Домой возвращались утренним поездом. Танюша спала и во сне, вспоминая, видно, сгоревшего, вздрагивала.

— Вот и пасху справили, — сказал Петр Анисимыч. — Переберемся в Ликино. Место тихое, зеленое. Что молчишь, Сазоновна?

— Чего говорить? Куда ты, туда и я. Наш-то и вправду змей! За один удар пятьсот рублей не пожалел. На такого не наработаешься.

— Объявили уже, — преодолевая дрему, но уже не в силах открыть глаза, сказал Петр Анисимыч, — объявили, что по новому договору на полтора рубля меньше будут платить.

— Куда ж меньше-то?

— Морозову видней.

II

В праздники Тимофей Саввич в купеческом клубе кутил на виду всей Москвы. Старообрядцы, известное дело, вина в рот не берут, у них строго, но по Москве гулял зловещий шепоток: Морозовы-де злейшие враги церкви, раскольники ярые, православным людям на их фабриках всяческое утеснение и неправда безобразная.

«Происки конкурентов», — доложили Тимофею Саввичу, и он решился дать представление.

В товарищах у Тимофея Саввича оказался томский купец Чувалдин. Этот кожами торговал, но фабричное дело показалось ему заманчивым, завел и стал прогорать. Кинулся за помощью к своему другу, нижегородцу Соболеву, а тот с рекомендательным письмом отправил его к Морозову.

Тимофей Саввич в клуб явился в самый апогей, в час ночи, тоже не без умыслу. С двух часов, по уставу, пребывающие в клубе подвергались штрафу. За первые полчаса взыскивали 30 копеек, за вторые — 90, за третьи — 2 рубля 10 копеек, а за последние, седьмые, — 38 рублей 10 копеек.

Разговоры Тимофей Саввич, выпив шампанского, вел громкие, и всё про театры. Вспоминал, как в семидесятых годах, когда частных театров не было, барышник Самсонов за три сезона нажил два каменных дома.

— Да и как было не нажиться?! — кричал на весь зал Тимофей Саввич. — Когда пела Патти, за кресло плачивали по сто и по двести рублей. Я сам за ложу бельэтажа выкидывал шестьсот целковых… В первом-то ряду, когда Патти пела, обязательно сидел ее муж; сначала это был маркиз Ко, потом тенор, красавец Николини. Но господи! Ради Патти и тысячу заплатить было не жалко. Запоет «Соловья» — душа на небеси. И представь себе, Чувалдин, как мудро было заведено: какую бы оперу ни давали, хоть Моцарта, хоть Россини или что-либо французское, без «Соловья» Алябьева не обходилось… Единственный, так сказать, русской души всплеск. Сама русская опера была в полном ничтожестве. Давали два спектакля в неделю, и оба при пустых залах.

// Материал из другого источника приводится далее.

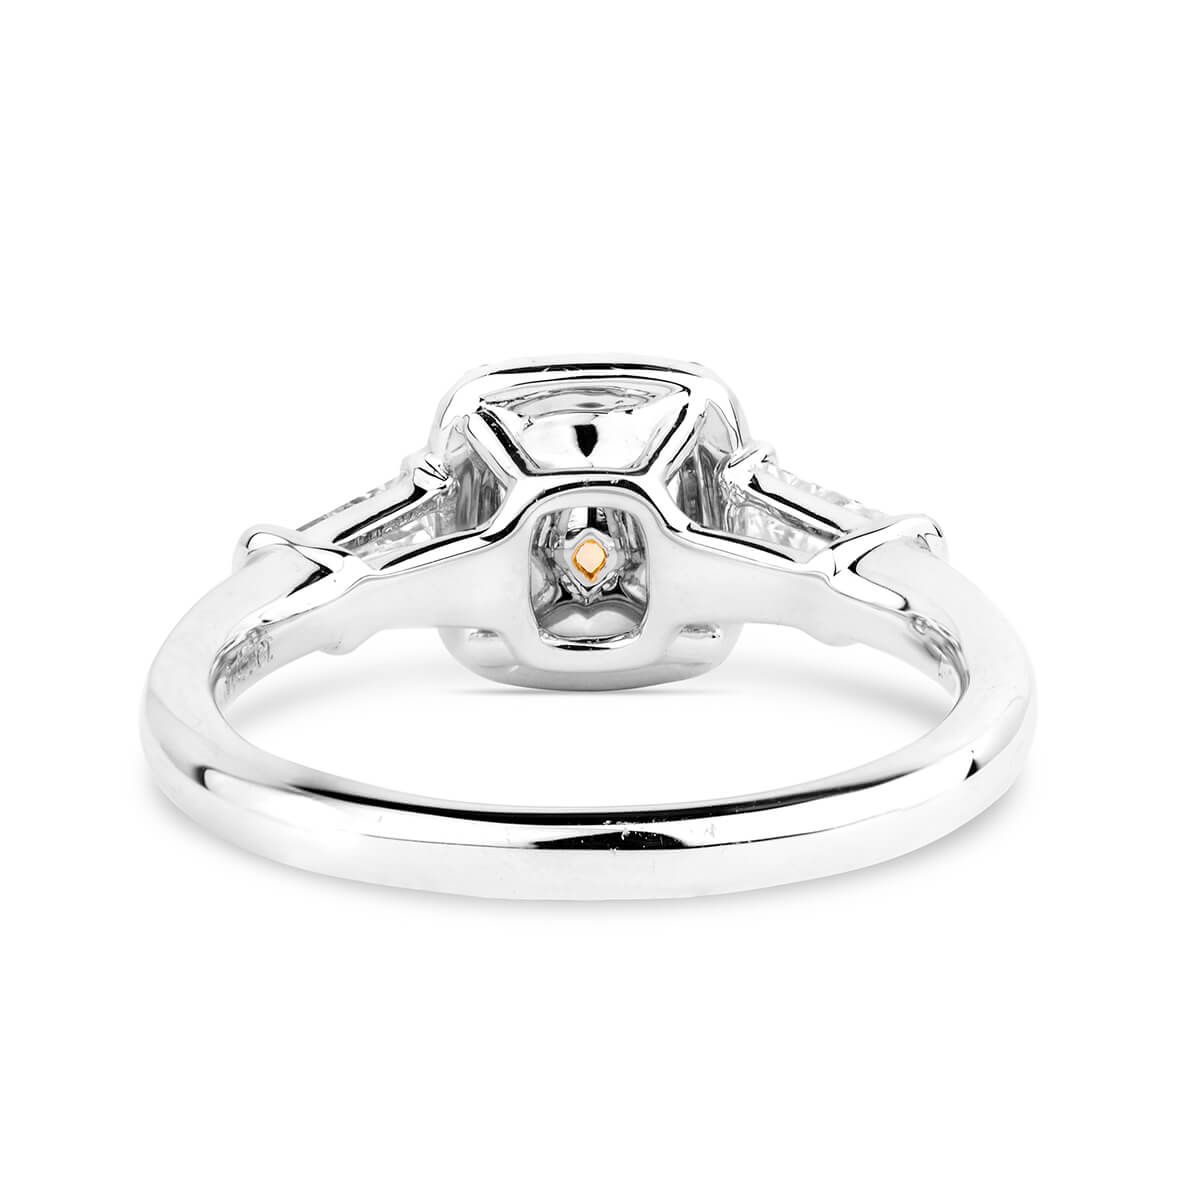 Fancy Intense Yellow Diamond Ring, 0.75 Ct. (1.20 Ct. TW), Cushion shape, GIA Certified, 6231388179

«Вот мы какие раскольники, — говорил Тимофей Саввич своим противникам, — в театрах бывали и бываем».

Но в конце концов шампанское свое дело сделало. Морозов забыл, что он приехал давать представление, и, сбавив тон, заговорил с Чувалдиным о делах. Правда, и здесь не обошлось без позы.

— Я англичанам плачу очень даже хорошо. Пожалуй, они того и не стоят, сколько я им плачу, — мерцая рысьими глазами, перегнувшись через стол и похохатывая, говорил и говорил Тимофей Саввич. — Вот гляди!

Достал книжечку в красном сафьяновом переплете, тотчас открыл ее в нужном месте. Сначала прочитал написанное вслух, а потом и показал Чувалдину. Сверх листа стояла запись:

«Англичанину — инженеру Ригу деньгами в год 12 тысяч рублей. На харчевые припасы ему же — 1717 р. 03 копейки. За его прислугу — 363 р. 80 копеек. За его лошадей. — 443 р. 30 копеек. На разное — 1287 р. 62 копейки. Всего 15 811 рублей 75 копеек». Внизу листочка притулилась запись бисером: «Мастеру Шорину в год 1200 рублей».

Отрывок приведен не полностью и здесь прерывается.